K/BxN mice spontaneously develop a severe, chronic, progressive inflammatory arthritis at about 27 days of age. They develop auto-antibodies recognizing glucose-6-phosphate isomerase. Serum from these animals when transferred to recipient animals induce arthritis. The mechanism of action involves complement, mast cells, neutrophils and inflammatory mediators. This model is widely used for studying the humoral response in rheumatoid arthritis (RA) and models the effector phase of the disease.
The collagen antibody induced arthritis model (CAIA, also called anti-collagen induced arthritis) uses of cocktail of 4 collagen type II (CII) antibodies to induce arthritis. The antibodies bind to well-defined epitopes associated with arthritis. In this way, the CAIA model and the K/BxN model are very similar, relying on passive transfer of antibodies to induce arthritis. The severity, mechanisms of action and length of disease are similar giving similar disease scores and histology.
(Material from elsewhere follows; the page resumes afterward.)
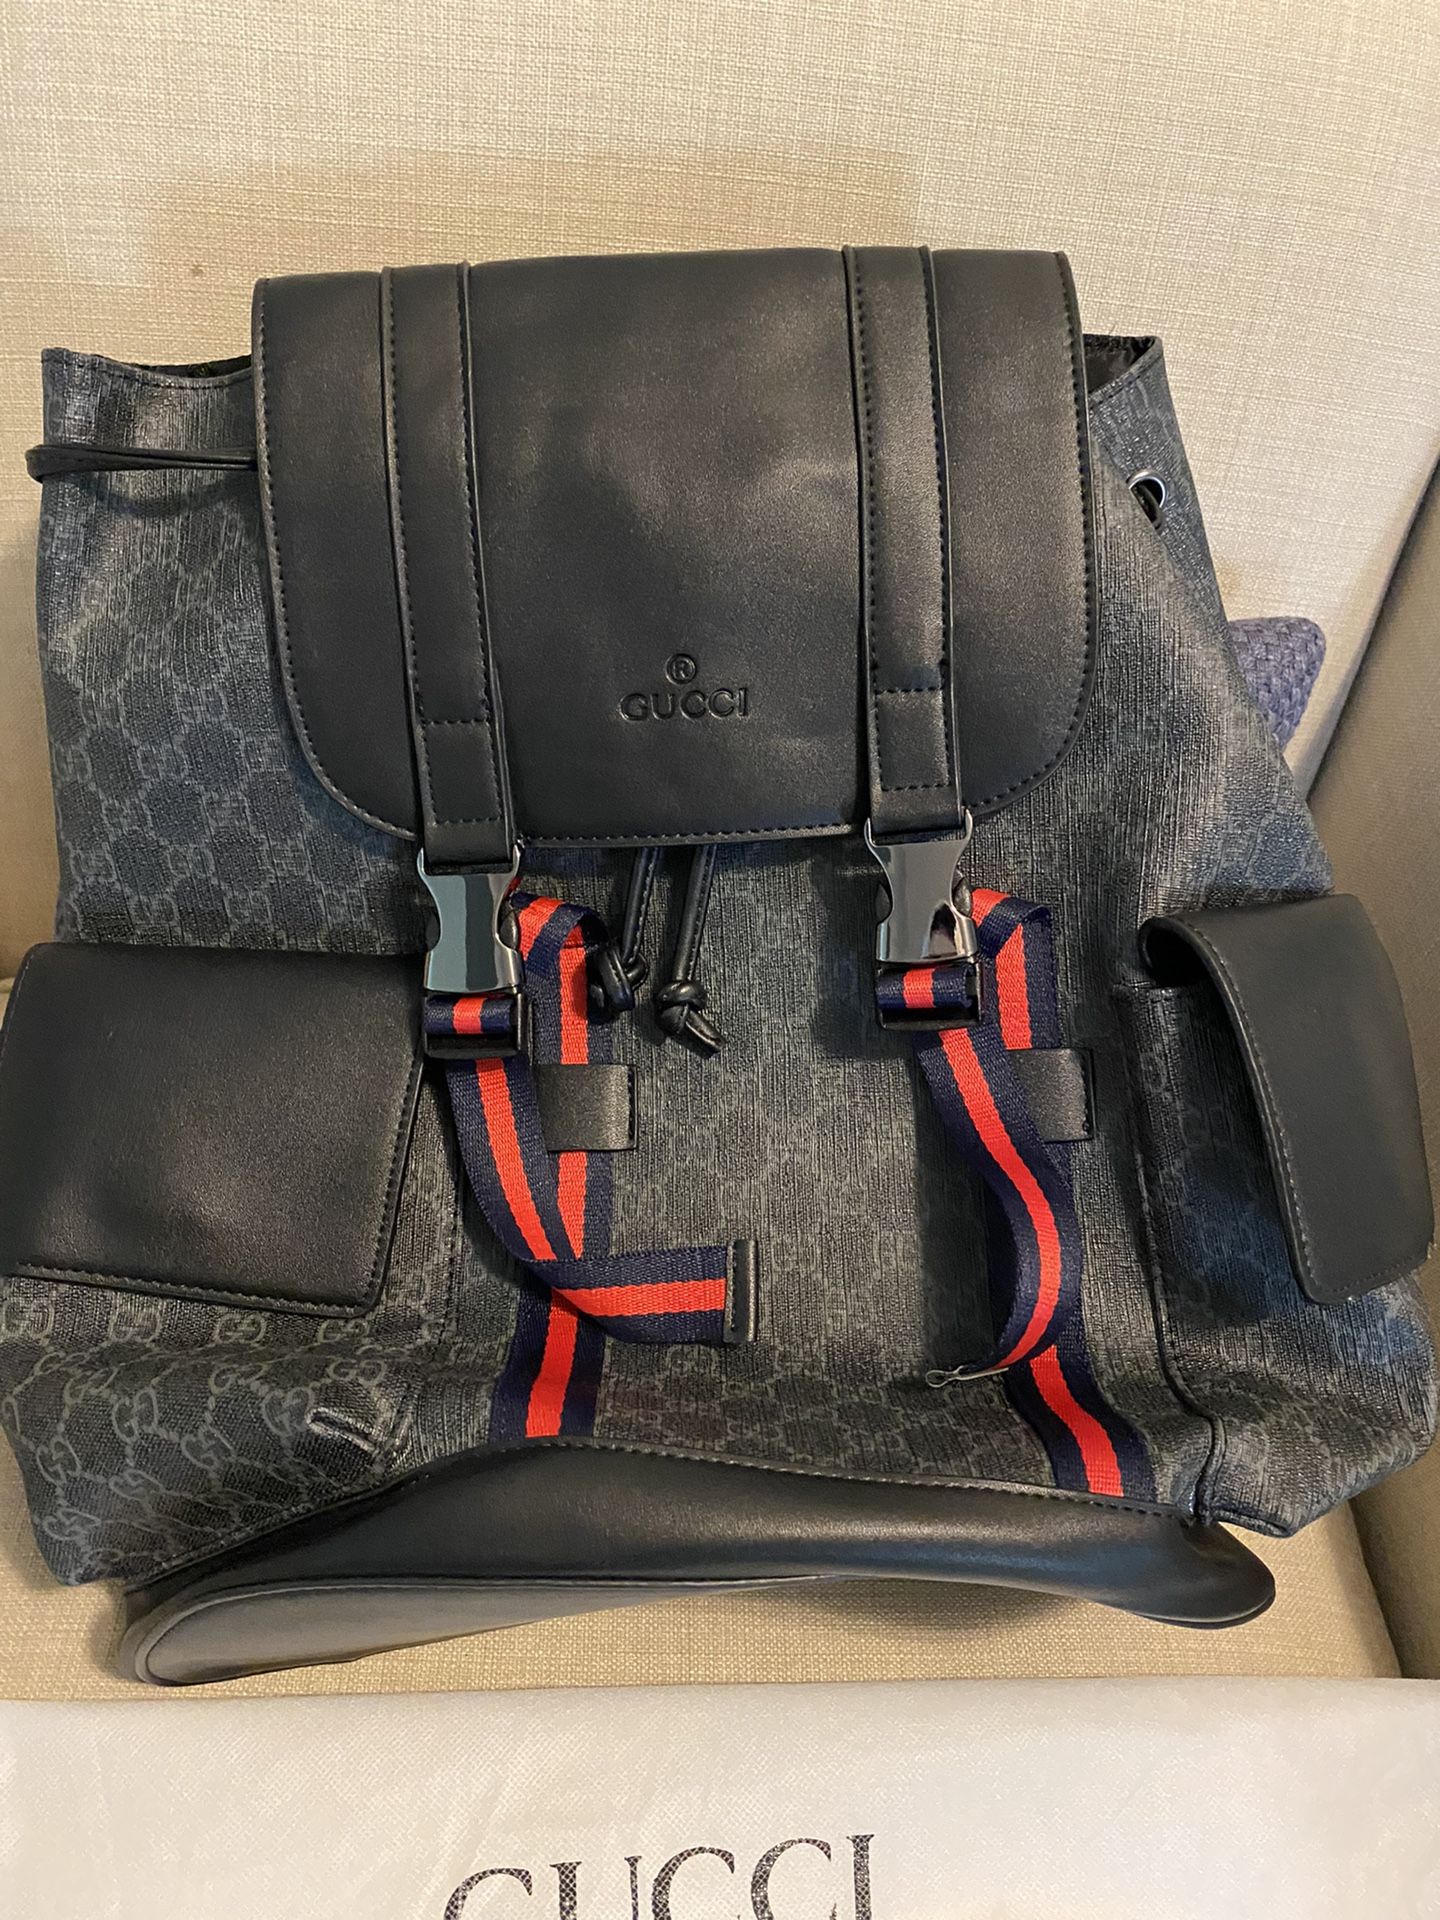 Unisex Gucci Backpack Perfect Condition w/ Sleeper

There are however, significant differences, which make running the CAIA model an advantage over the K/BxN:
- Epitope location: GP6i is ubiquitously expressed while CII has a restricted distribution and is concentrated in the joints ensuring antibody is directed to the site of interest.
- K/BxN sera is an undefined polyclonal mixture that can vary batch to batch. The CAIA model uses the ArthritoMab™ Antibody cocktail which is a defined and standardized mixture so there is no batch variation.
- With CAIA, arthritis is induced by clinically relevant anti-collagen antibodies.
- There is no need to maintain expensive colonies.
- Easy and constant availability of induction material.
- No waiting for animals to develop arthritis before harvesting sera.
- No concerns about colonies going down through sickness or breeding issues.